… seriously, I’m about to ruin the ending of The Mist, both the novella and the film, so if you don’t want to know what happens, turn back (or keep scrolling now)…
… last warning…
————————-SPOILERY SECTION BEGINS——————————————————————————
Main character David Drayton (Thomas Jane) has spent the majority of the film doing whatever it takes to save his son from the Lovecraftian, many-tentacled beasties hiding in The Mist and the wackos he finds himself trapped with. He refuses to quit, and he doesn’t give up. He won’t let his son perish, no matter what. Even if you aren’t a parent, this element felt real and relatable. Who wouldn’t fight to the end to save their child, even if it’s the end of the world?
So, after Drayton, his son, and a couple others escape from the grocery store where the bulk of the movie’s action takes place, they find themselves out of gas and surrounded by the mist. They listen to (what they think is) the rumbling of Chuthulu’s minions hidden in the mist. They all stoically agree to eat a bullet, sparing themselves from the horror beyond the car. Only one problem: there are four people and three bullets.
The tension mounts as we cut outside the car and the whole time I’m thinking, no way in hell he’s about to do what I thin… BLAM! BLAM!… BLAM!
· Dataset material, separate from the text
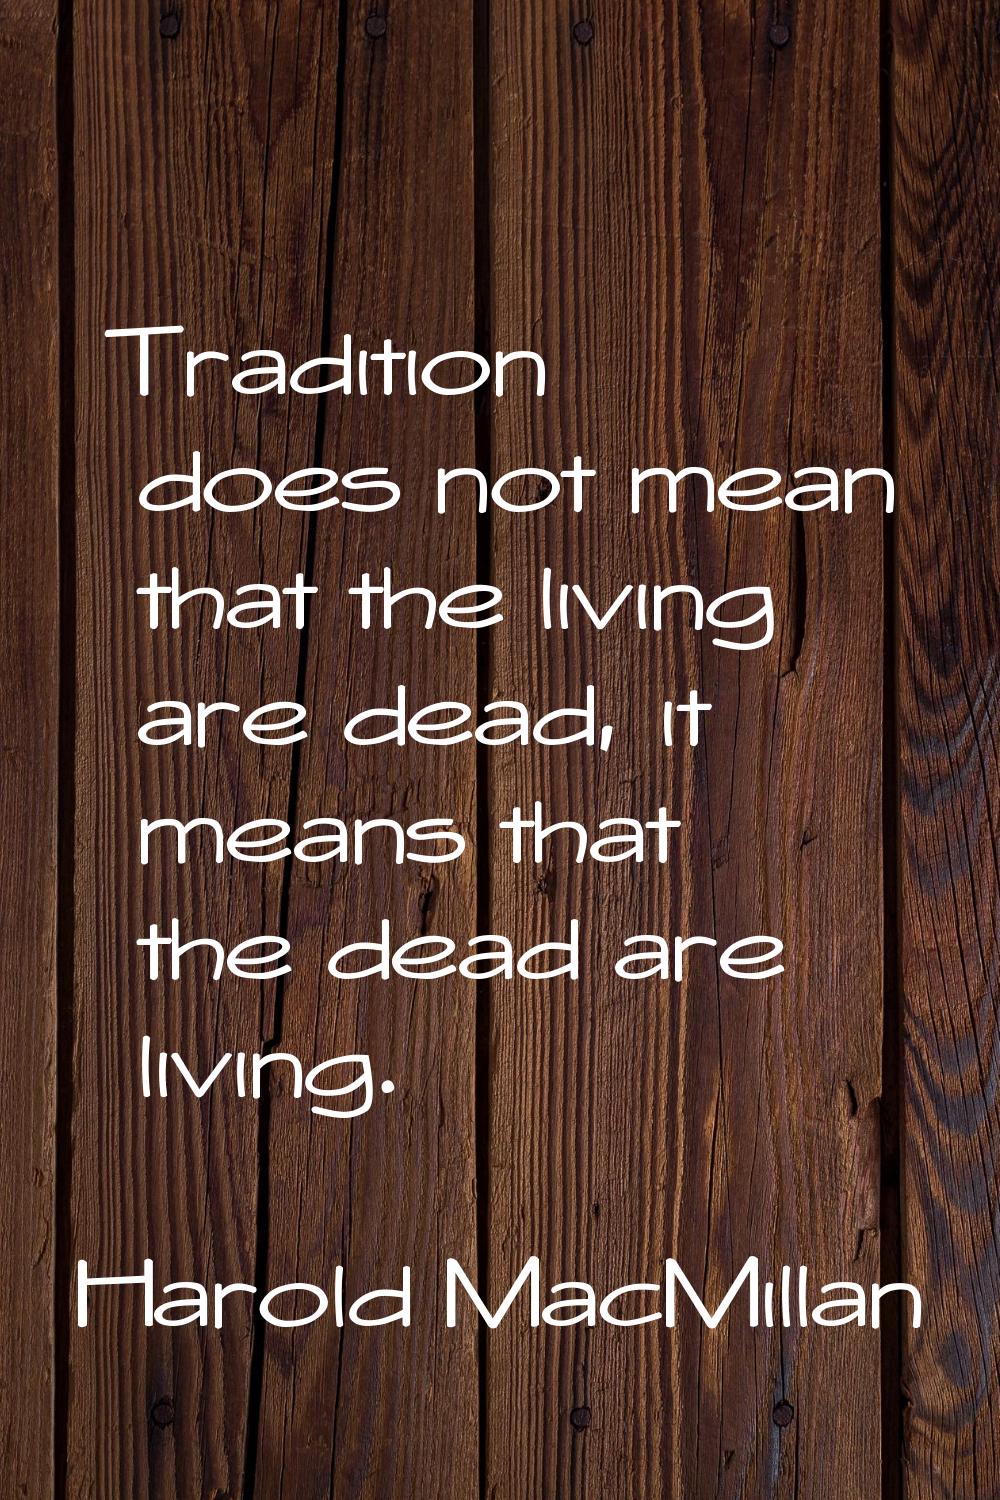 Tradition does not mean that the living are dead, it means that the dead are living.

ARE YOUFREAKIN’ KIDDING ME!!!
So, let me get this straight. We just spent 120-plus minutes invested in a story where the protagonist’s main motivation was saving his son, and I’m supposed to believe that he’d actually do this? Hell, even in King’s novella, it turns out the main character’s been writing the story down and leaving it for any future survivors to find as he, his son, and a few others struggle to survive. Sure, they’re low on gas and there’s even a suggestion that suicide’s an option, but come the hell on!
But what makes this “I’ll kill my son so they can’t” crap so frustrating is that moments later as the rumbling gets louder and Jane waits outside the car for the big, bad, demonic octopus to take him away… a tank goes rolling by.
At this point, I really wanted to dropkick my cathode ray squawk box through the wall. It’s the F’N military. Get it? How ironic? He killed his son FOR… ABSOLUTELY… NO… REASON… AT… ALL! It was pointless. Like saving Newt in Aliens (if you’ve seen Alien 3, you know what I mean).